Here are some tips and resources that you can reference for your own evaluation and future sends:
1. Work to maximize engagement - Email providers monitor opens and clicks, and higher rates of engagement will help your emails avoid the spam box. Using carefully targeted emails (taking advantage of Cortex and Smart Segments) will improve engagement over traditional email blasts. Make sure that disengaged users are removed at regular intervals – users who don't open messages tell mailbox providers "this message isn't important", and this affects sender reputation and inbox negatively.
2. Avoid large jumps in send volume - Email providers watch the volume of email that comes from each sender, and sudden increases in volume run a higher risk of being marked as spam. Using targeted emails at a steady volume (handled automatically with Cortex) is the safest tactic to avoid volume related flags and large amounts of unsubscribes. Consistency in send volume the key here.
3. Make unsubscribing easy - No one wants unsubscribes, but spam reports are far worse. If you make it difficult to unsubscribe from emails users become much more likely to click the "mark as spam" button to block your emails. Any users who mark your emails as spam are automatically unsubscribed in the ReSci system.
4. Ask your subscribers to whitelist you - Getting users to add you to their address books, or labeling your emails with "never send to spam" improves your reputation with those email providers.
5. Avoid "spam words" - Common "spam words" or phrases in your subject line and email content make your email much more likely to be flagged as spam. "For free" "Risk free" "Buy/Try it now" "Save big" and "Only (price)" are some phrases commonly found in both legitimate e-commerce sends and spam emails. Additionally, avoid repeating your subject line in the content of your email. Check out Comm100's spam word guide here.

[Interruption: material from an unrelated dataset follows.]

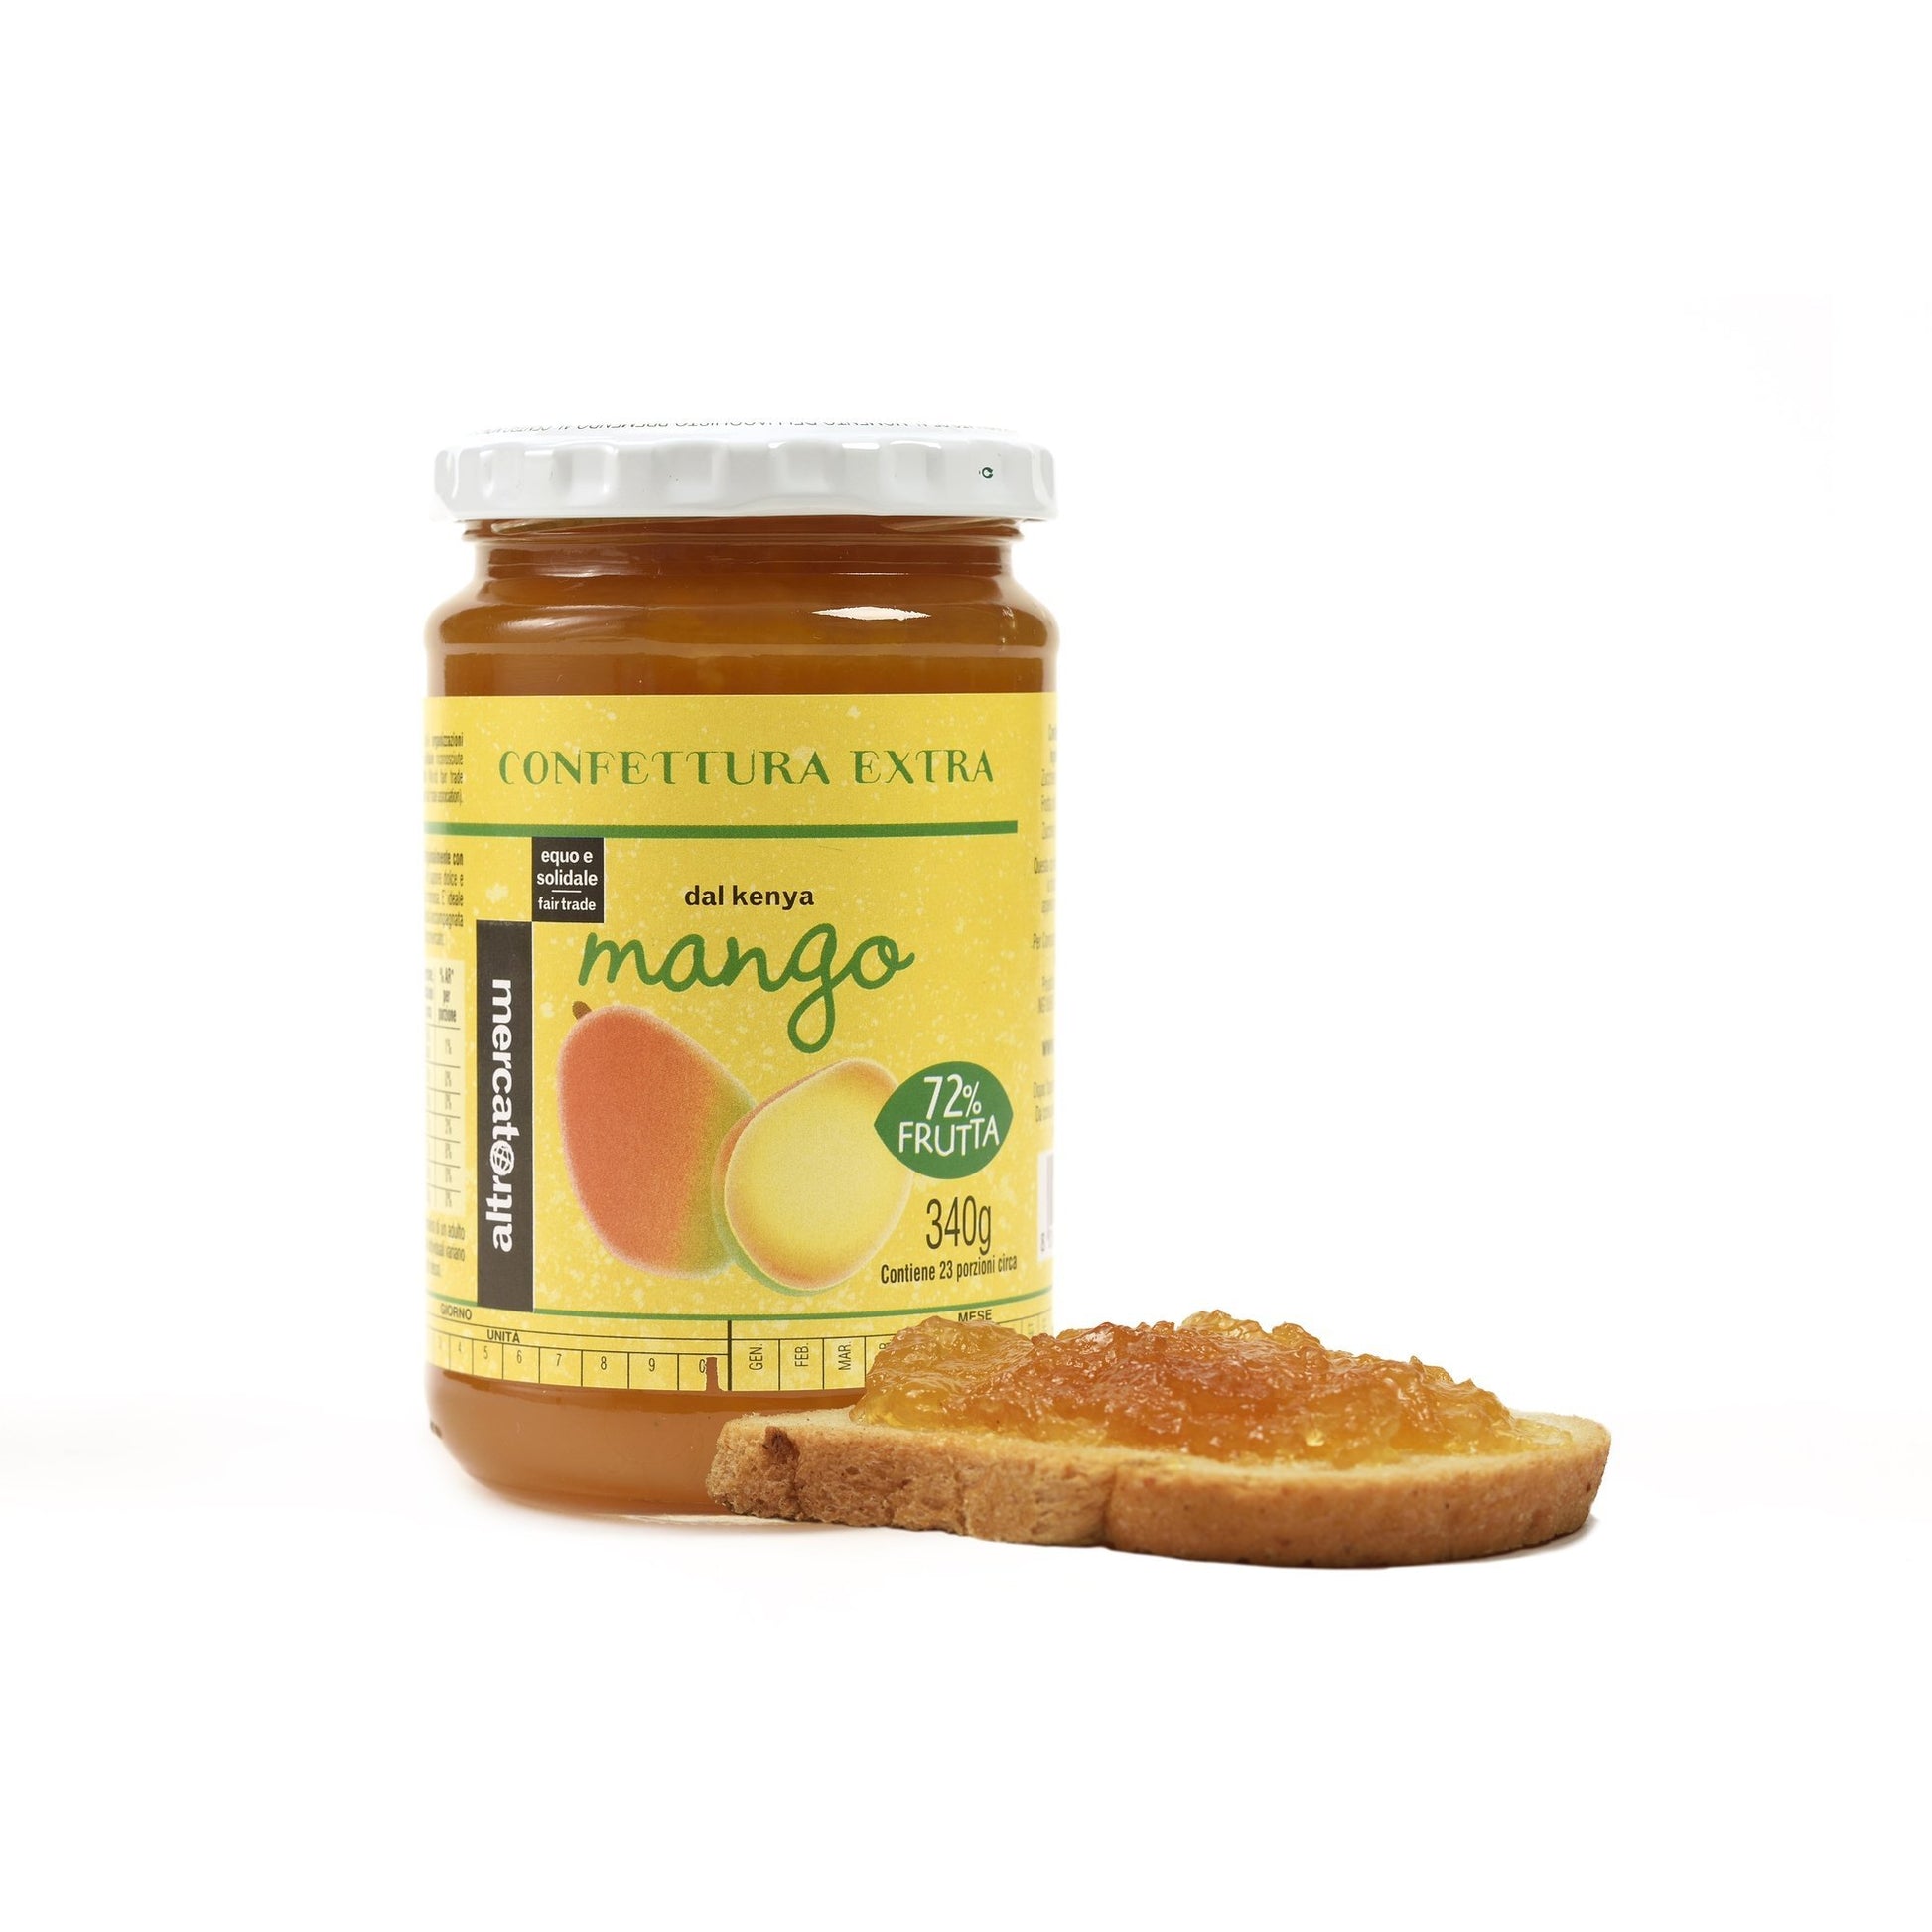 marmellata extra di mango con il 72% di frutta fresca e zucchero di canna proveniente dal Kenya prodotta dal commercio equo e solidale dolce cremosa e morbida adatta anche per dolci e crostate
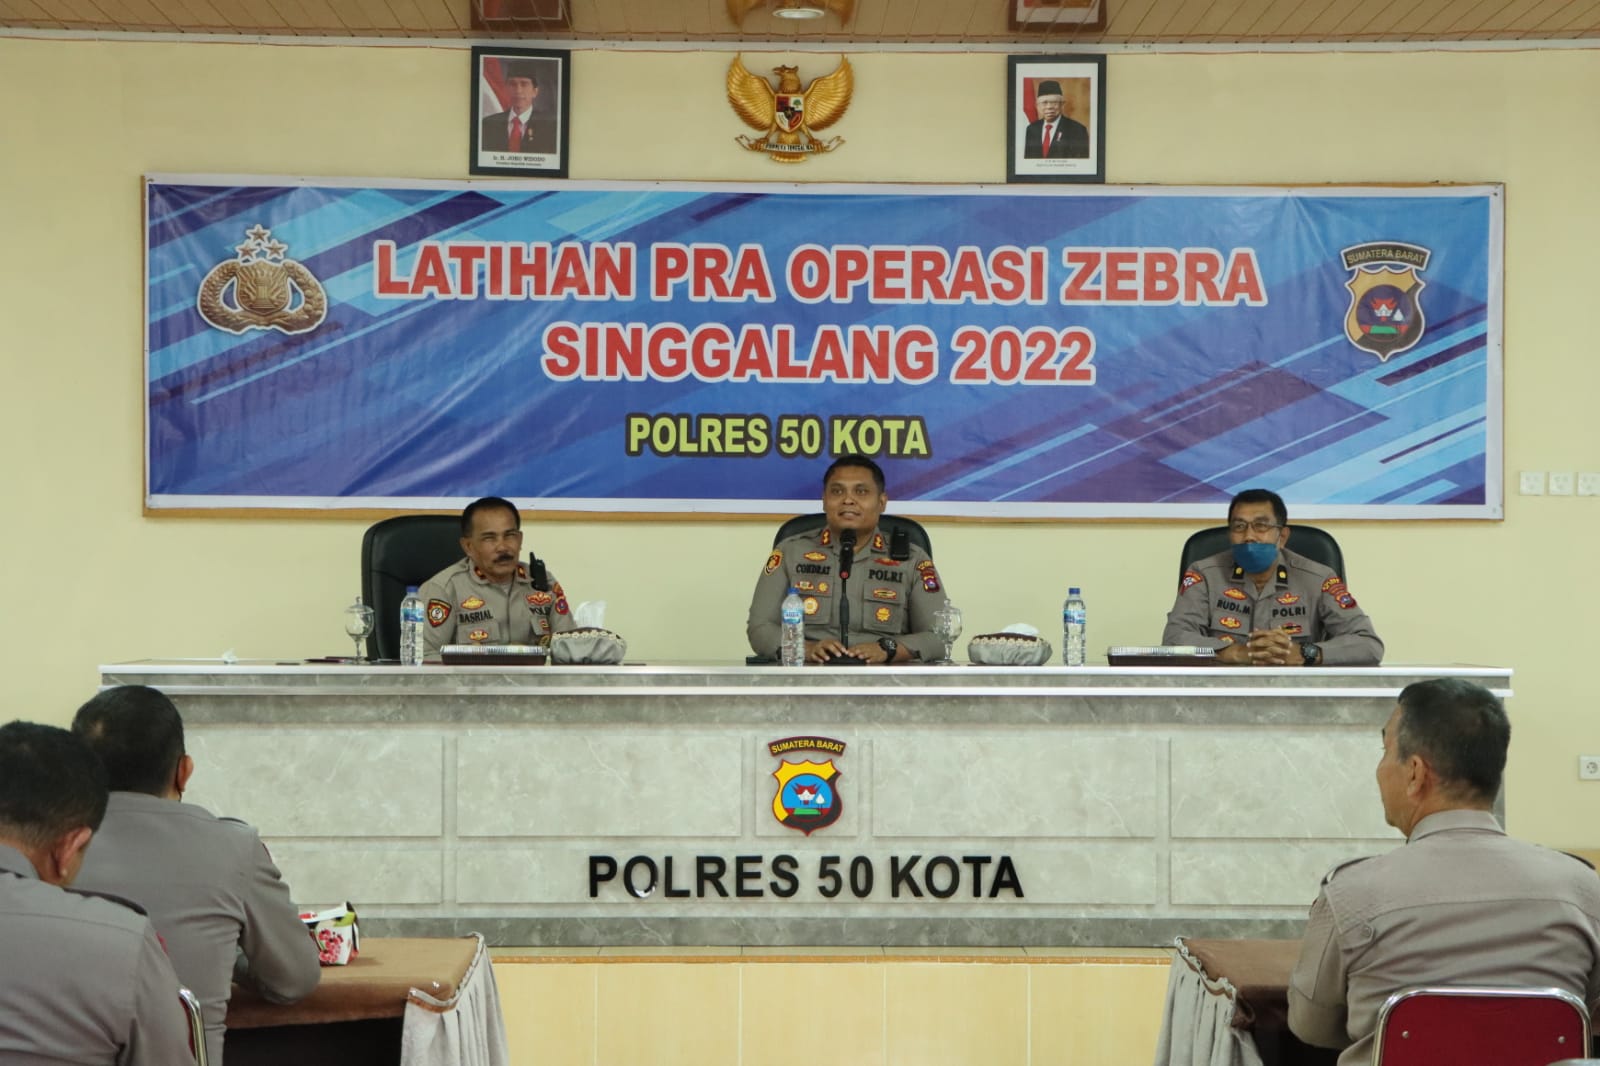 Polres 50 Kota Menggelar Latihan Pra Operasi Zebra Singgalang 2022

6. Avoid overly embellished text - Fonts that are too large (over 16px), bright colors (especially red), or overly styled (like with "highlighter" effects) can trigger spam filters. Overuse of exclamation points, ellipses, and other punctuation can also cause your emails to be flagged.
7. Avoid emails that are only images - Many spammers use images containing text to avoid triggering spam phrase filters, so email providers have begun filtering emails that do not have enough text to evaluate the content. Header, banner, menu, and Call To Action images are great, but adding more text to your emails can potentially improve your inboxing.
8. Include plain text options with your html email - Including plain text content and alt text with images gives spam filters more information to look at and shows you care about giving your subscribers a choice in how they view your email. Including alt text is very easy, while coding an alternate plain text template inside your existing html is much more complex. Learn more about alt text here, and coding plain text options into your html here.
Even if you do all of these things and do them perfectly, your emails may still end up in the junk folder. Email spam filters' criteria change almost daily and can be impacted by things that you have no control over. However, if you, as a habit, send good emails that your customers want and interact with, you'll get into the inbox more often than not.
Email delivery articles and resources are here to help with your inboxing and deliverability.
Hopefully this information gives you some additional insight into the factors that go into inbox/spam sorting on the client side. You can also split your sends with A/B testing segments if you want to test different template styles, subject lines, send schedules, and coding practices with regard to inboxing and deliverability.